WORK REQUIRED: Could the listing be repeated exactly, with every picture dropped?

INFORMATION SUPPLIED:
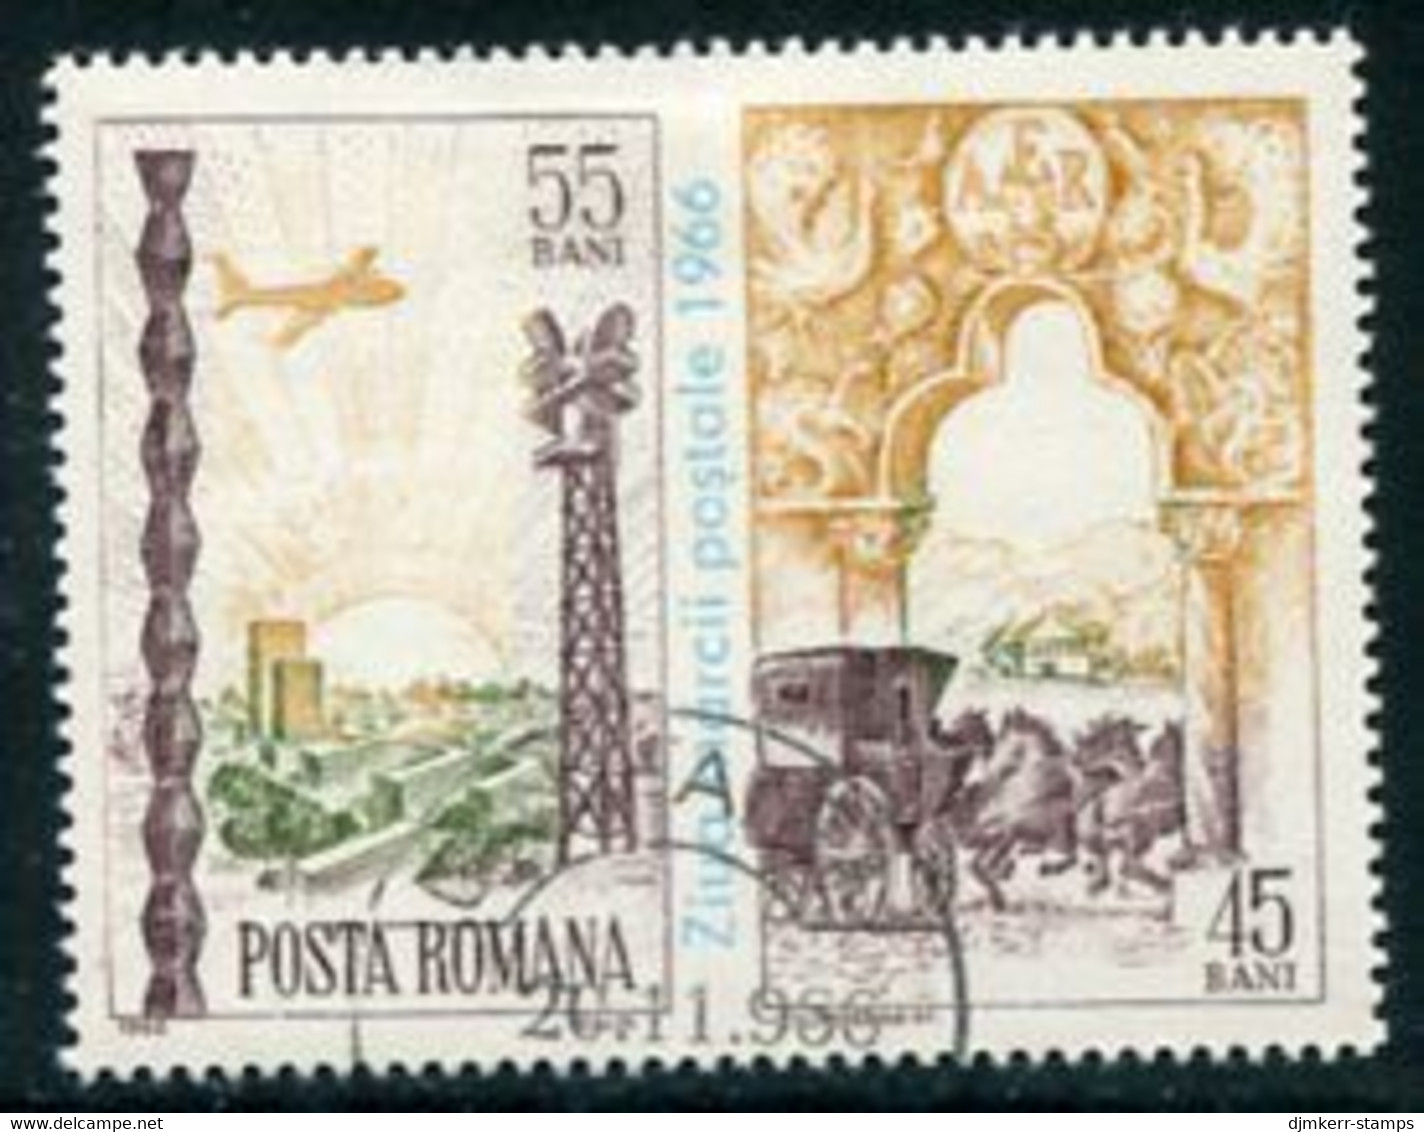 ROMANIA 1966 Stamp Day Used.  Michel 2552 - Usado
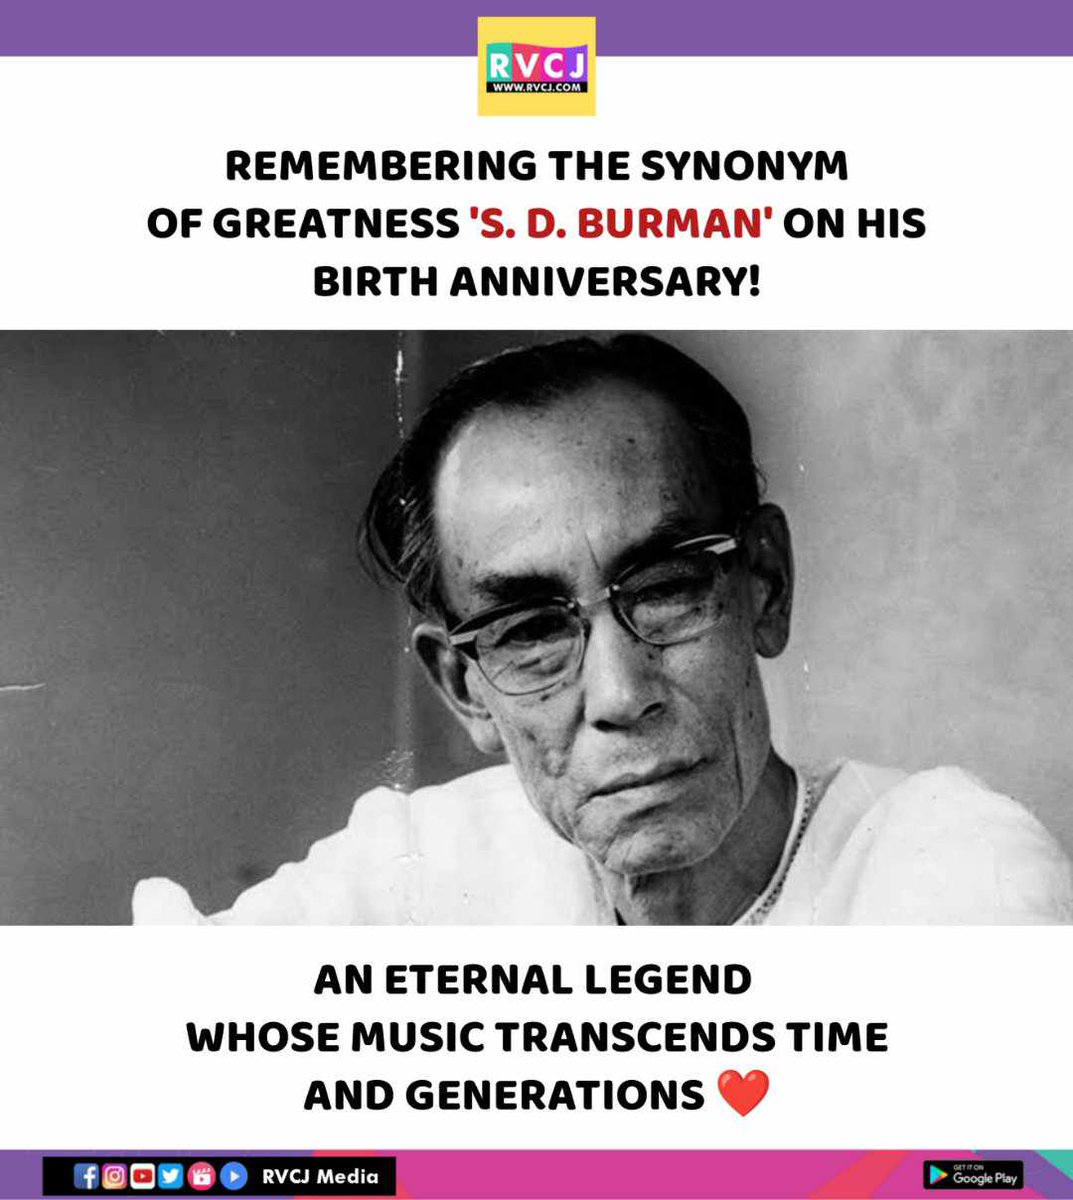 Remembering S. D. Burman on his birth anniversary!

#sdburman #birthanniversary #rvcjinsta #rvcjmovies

RESULT:
 ROMANIA 1966 Stamp Day Used.  Michel 2552 - Usado
 Remembering S. D. Burman on his birth anniversary!

#sdburman #birthanniversary #rvcjinsta #rvcjmovies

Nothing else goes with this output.